On November 21, when Home Minister Amit Shah announced in Parliament that a National Register of Citizens would be conducted across India, he claimed that nobody needs to be scared of the exercise because “it is just a process.” But what sort of a bureaucratic process will the NRC be in practice and why might it be more dangerous than any other Indian state practice of identification or registration so far?

The NRC will be a peculiarly dangerous bureaucratic exercise, whatever the measure of proof demanded by it. Even a relatively simple procedure would not make the process of getting a name registered on the NRC easy due to two striking features of the bureaucratic state: its constant doubting of the veracity of almost all documents and its famed proceduralism.

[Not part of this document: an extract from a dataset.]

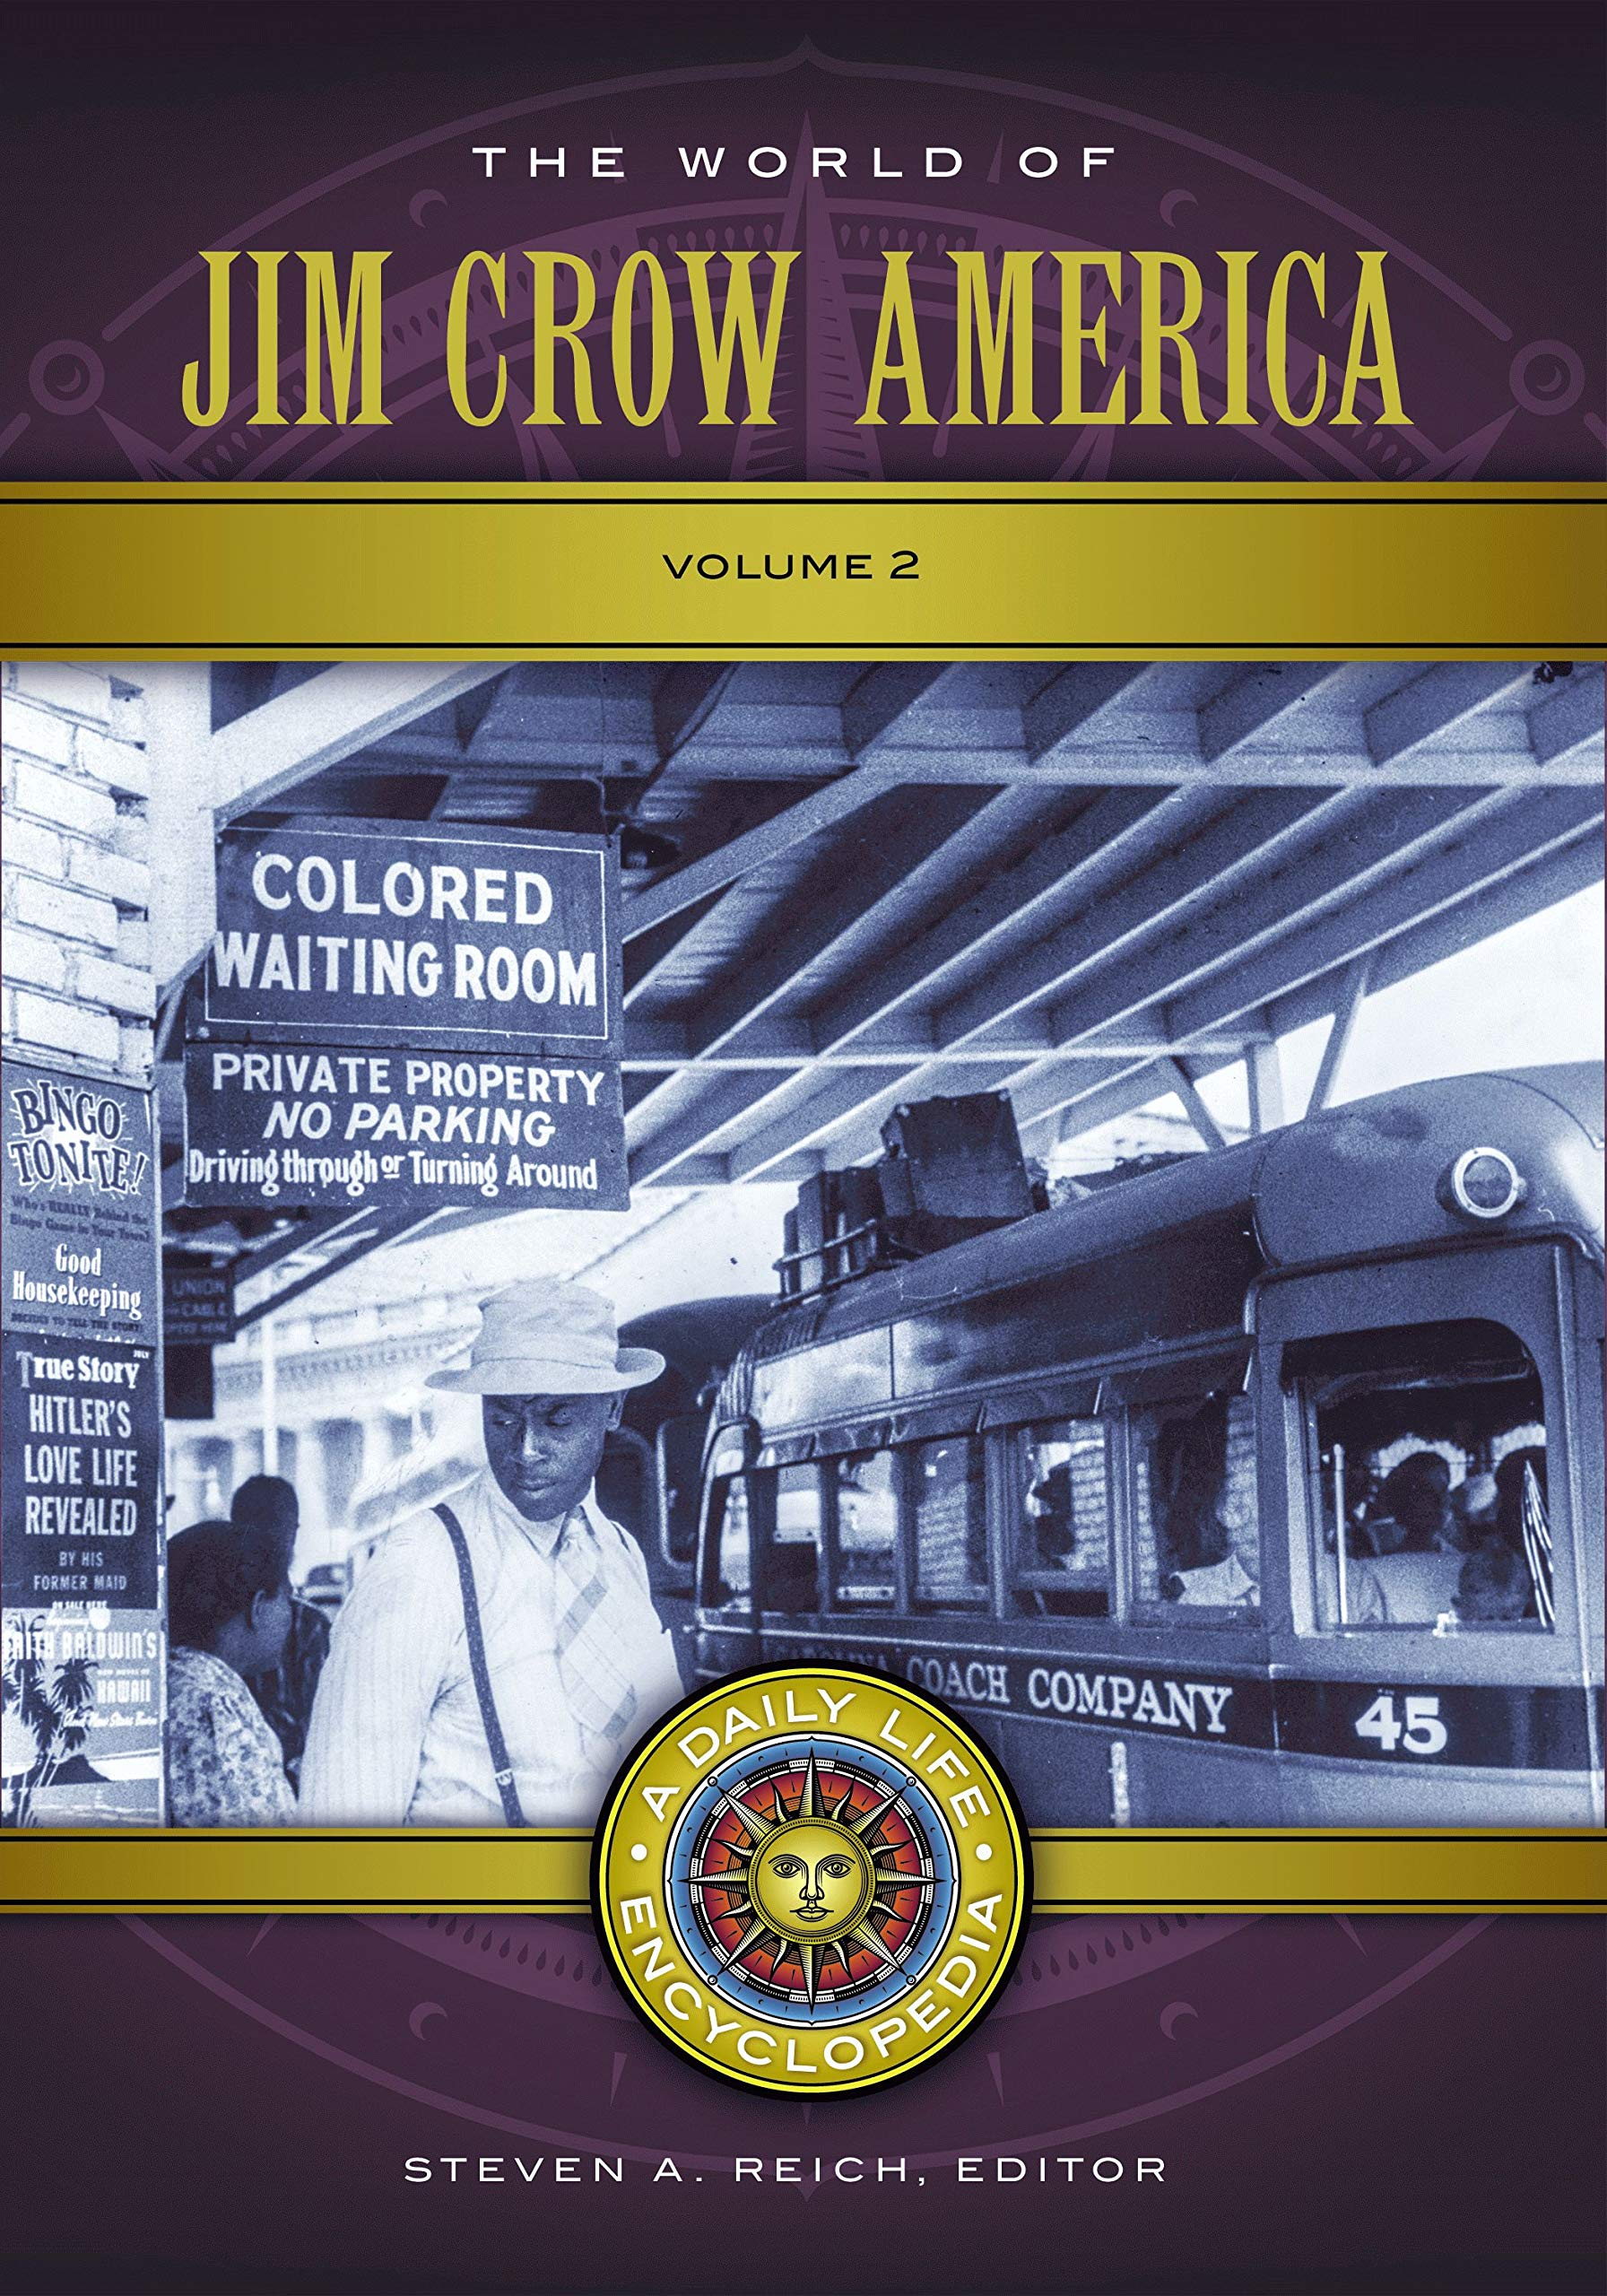 The World of Jim Crow America: ADaily Life Encyclopedia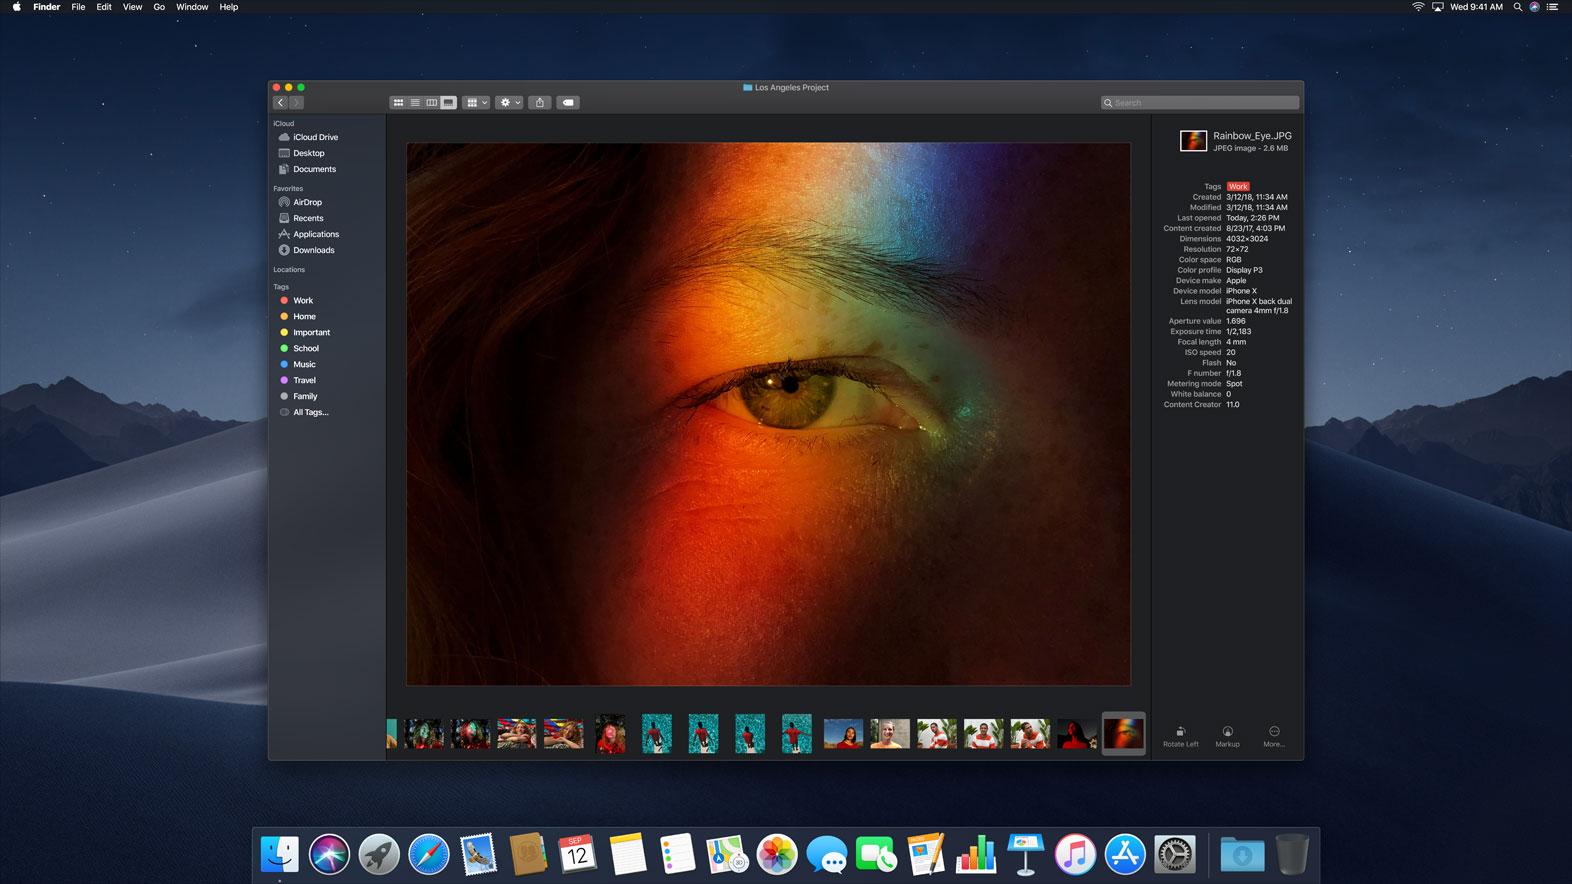 https://www.apple.com/nl/macos/mojave/overview/darkmode/gallery/finder/image_large_2x.jpg

The financial costs of the NRC as well as the question of whether the Indian state even has the capacity or the moral legitimacy to execute such a gargantuan task has already been discussed. My intention here is to assume this process will be set into motion and to consider what its repercussions will be. This draws upon my longstanding ethnographic research within small government offices with the frontline bureaucracy in northern India.

NRC-as-process

The NRC is a process that requires those who self-identify as citizens of this nation-state to furnish evidence that confirms them as, indeed, Indians. What will be the precise form of this evidence, required to be presented in terms of the types of documents or “specified particulars”, is still to be confirmed. But if the way the exercise was conducted in Assam is anything to go by, then the documents required could be an impossible task for almost all of us.

There have been mutterings and vague, anonymous declarations announced through official channels that this is going to be a “simple procedure”. For the sake of argument, let us say that the threshold of proof – by which we know we mean papers, documents, IDs and other material artifacts of the state – is somewhat less of an impossibility than it was in the case of Assam. In that state, a staggering 1.9 million individuals have effectively been left stateless after an NRC was conducted there because of an agreement with Assamese nationalists in 1985.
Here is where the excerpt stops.